How can I solve this problem in python?

UPDATE: My solution so far based on the answer by rth:

# cython: boundscheck=False
# cython: cdivision=True
# cython: wraparound=False

import numpy as np
cimport numpy as np

def variable_average(int [:, ::1] data, int[:,::1] kernel_size):
    cdef int width, height, i, j, ii, jj
    width = data.shape[1]
    height = data.shape[0]
    cdef double [:, ::1] data_blurred = np.empty([width, height])
    cdef double res
    cdef int sigma, weight

    for i in range(width):
        for j in range(height):
            weight = 0
            res = 0
            sigma =  kernel_size[i, j]
            for ii in range(i - sigma, i + sigma + 1):
                for jj in range(j - sigma, j + sigma + 1):
                    if ii < 0 or ii >= width or jj < 0 or jj >= height:
                        continue
                    res += data[ii, jj]
                    weight += 1
            data_blurred[i, j] = res/weight

    return data_blurred

Test:

data = np.random.randint(256, size=(1024,1024))
kernel = np.random.randint(256, size=(1024,1024)) + 1
result = np.asarray(variable_average(data, kernel))

The method using the above settings takes around 186seconds to run. Is that what I can expect to ultimately squeeze out of the method or are there optimizations that I can use to further increase the performance (still using Python)?

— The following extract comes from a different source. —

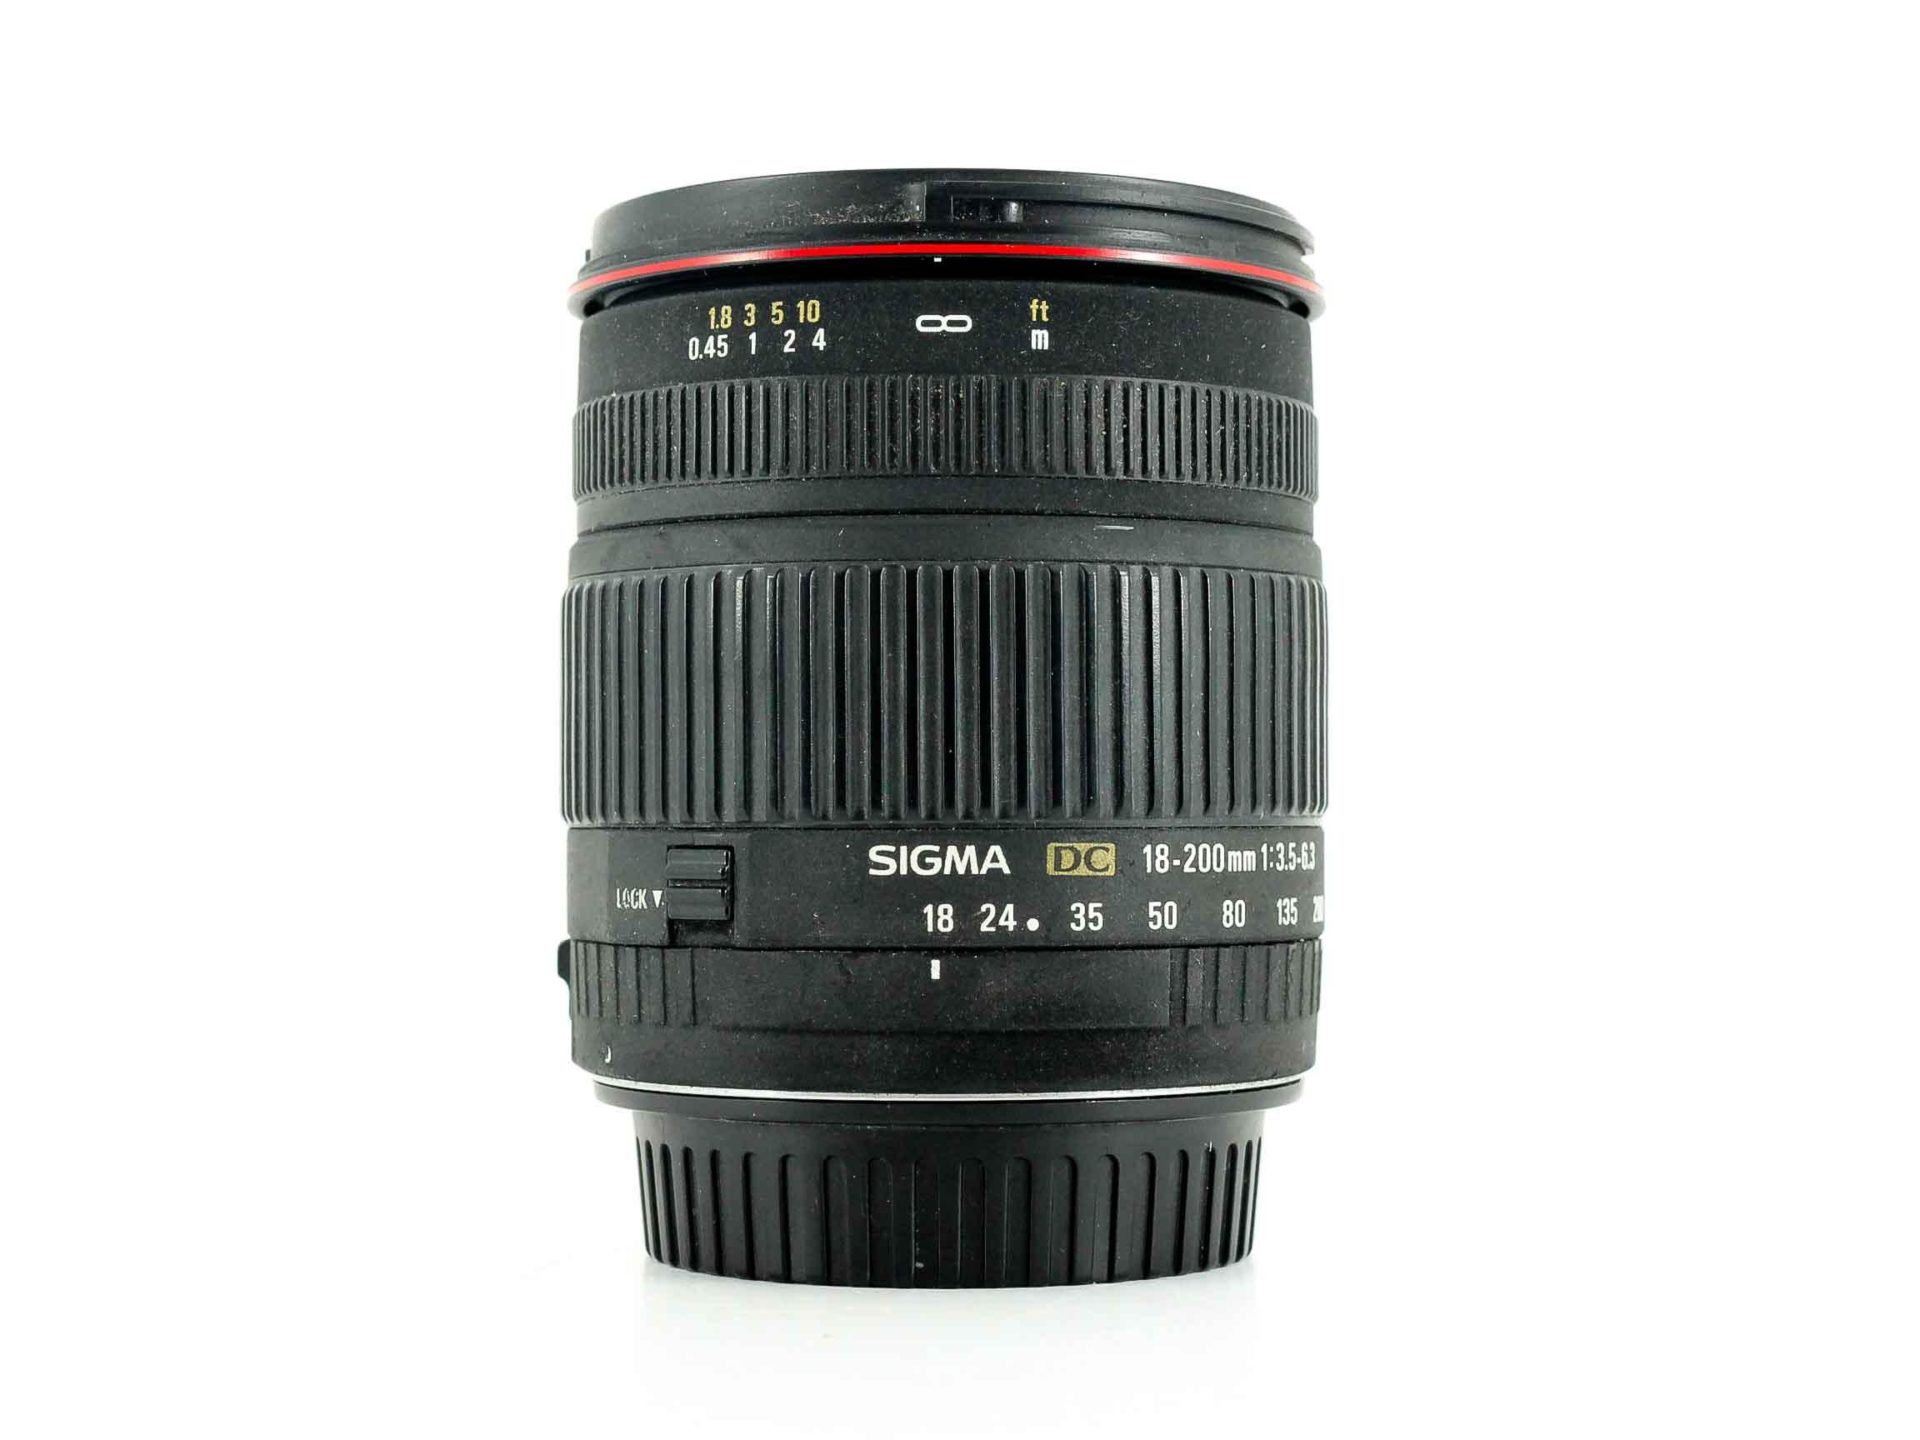 Sigma 18-200mm. Sigma 18-200. Sigma 18-200mm 1:3.5-6.3 вс os HSM Nikon.

This does not answer your question but if you really are concerned about performance you should try C++ and OpenCV. — coincoin, Jun 24 '15 at 08:37
What kind of blur do you want? Gaussian? Box blur? Does the blur have to be mathematically accurate or is it for artistic effect and "if it looks good enough, it is good enough"? Also, is the blur amount related to a depth value in a complex 3D scene? Do you have to worry about not bleeding color values from near in-focus objects onto far out-of-focus surfaces etc? — samgak, Jun 24 '15 at 08:40
@coincoin: I would like to stay out of C++ due to my lack of C++ knowledge, but I have thought exactly the same :) @samgak: I need the image to have seamless blurring and it should just look good enough, it is for visual purposes. An average of the nearest `X` pixels around the selected pixel is all I need, no fancy stuff required. The images are 2D photographs. — Chau, Jun 24 '15 at 09:22
As a side note, you can `return data_blurred.base` as to avoids the need to call `np.asarray` . Also using `cpdef` instead of `def` is probably preferable (no impact on performance). Finally, as for any high performance C code, check your compilation flags. For instance on my system (Linux Gentoo) I was surprised to find that setting `extra_compile_args=['-O3', '-march=native']`, `extra_link_args=['-O3', '-march=native']` in `setup.py` resulted in a speed up by a factor of ~2 for some code , while on the same machine on Windows using Ananconda, the speed up was negligible. — rth, Jul 16 '15 at 09:01

rth · Accepted Answer · 2015-06-25T08:24:22.377

As you have noted related scipy functions do not support variable size blurring. You could implement this in pure python with for loops, then use Cython, Numba or PyPy to get a C-like performance.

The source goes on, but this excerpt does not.